Thanks to endless regulations surrounding crash safety and emissions, the modern car is increasingly homogenous. Pedestrian safety regulations mean that a high hood and a flat front end are a must, while environmental requirements dictate a “reverse-teardrop” shape and a big, turbocharged engine to deal with the weight of the other passive safety features, not to mention all of the creature comforts and electronic active safety gadgets that are considered mandatory by many consumers.
Unless you’re Citroen. Then you create the Cactus.
What more would you expect from the company that brought you the DS, the SM, the XM and of course, the 2CV? It looks like a supervillain-designed lunar rover from the outside and a cross between Enterprise spaceship and the iconic 2CV from the inside.
It would almost be sinister looking if not for the Airbump panels, which gave the car its name. They’re basically the vehicular equivalent of bubble wrap. The soft plastic with air underneath protects the bodywork from parking-lot dings, which is brilliant. They are a bit like the spikes on a Cactus, designed to protect the rest of the exterior in the same way that the prickly stuff protects the fruit of the plant from being eaten by predators.

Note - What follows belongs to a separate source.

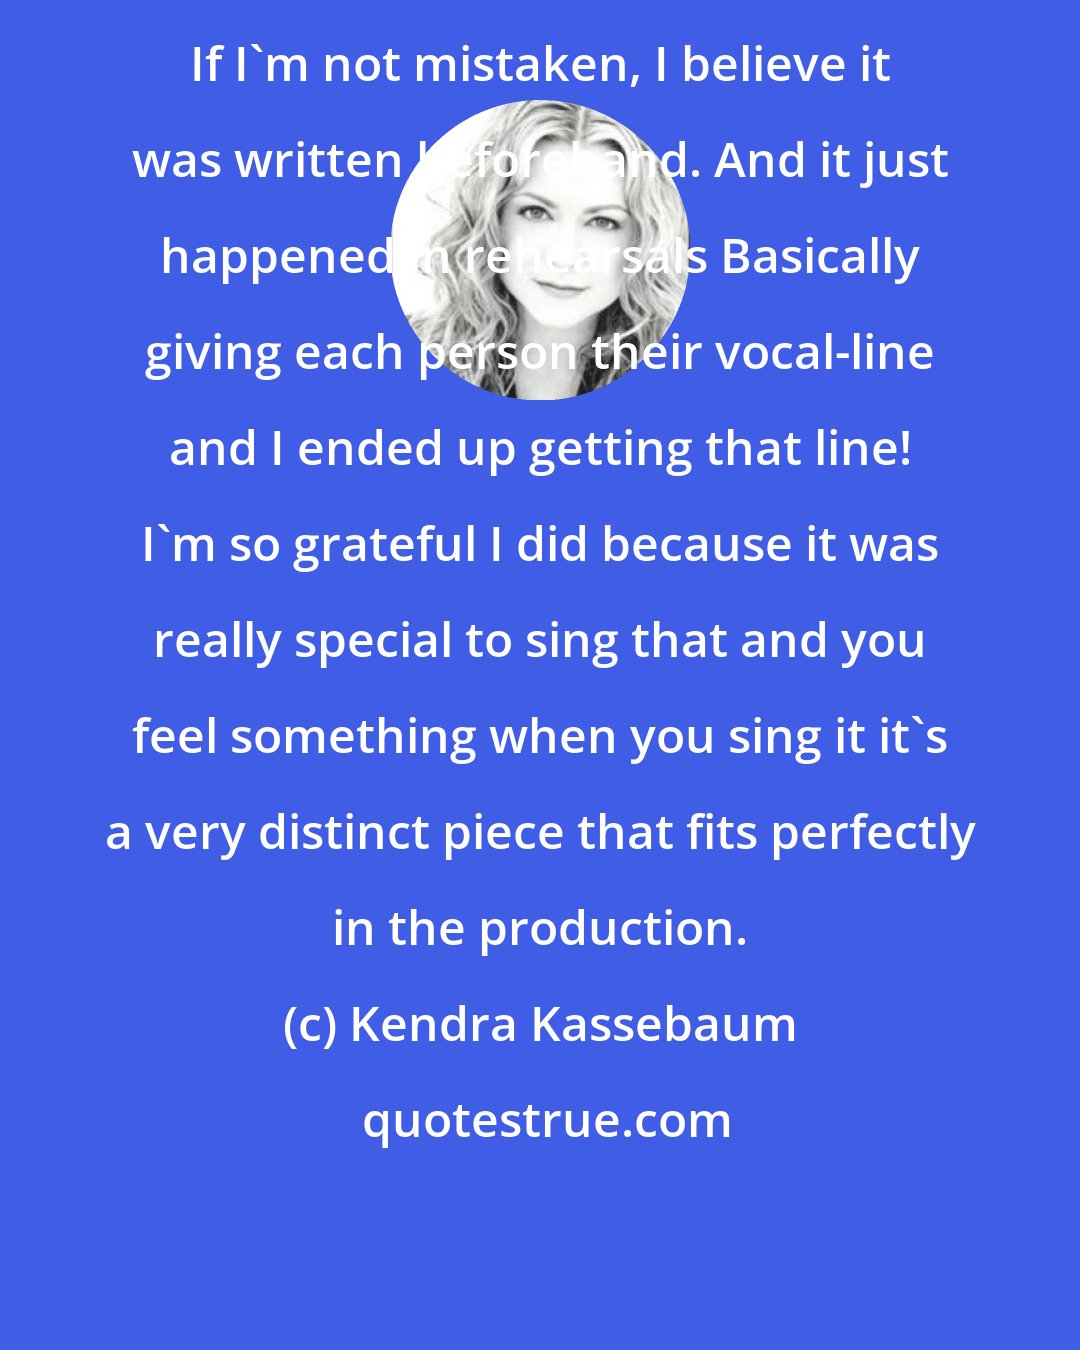 Kendra Kassebaum: If I'm not mistaken, I believe it was written beforehand. And it just happened in rehearsals Basically giving each person their vocal-line and I ended up getting that line! I'm so grateful I did because it was really special to sing that and you feel something when you sing it it's a very distinct piece that fits perfectly in the production.

And the interior isn’t too shabby, either. Citroën dispensed with traditional instrument panel and controls on the dashboard and center panel. They have been replaced by a display in front of the driver and touchscreen in the middle. The main display replaces the instrument panel with digital graphics straight out of a 1980s sci-fi flick. It probably looks exactly like something 1980s designers would use, if they could. It looks kind of like 1988 Oldsmobile without the technology constraints.
The touchscreen in the middle is far more conventional affair. It’s basically the same one you can also find in a Peugeot 308 and many other PSA models. It’s quite good, with nice graphics and fairly quick reactions, but I don’t really like the fact that it replaces almost everything else that normal car places on the central panel. Like HVAC controls or basic radio controls. And there is no way to split the screen for several functions. If you’re in radio menu and suddenly want to change the temperature or direction of the ventilation, you have to go to the HVAC main screen, do the changes, return to the main Media screen, and go back through everything. Not exactly convenient, let me tell you.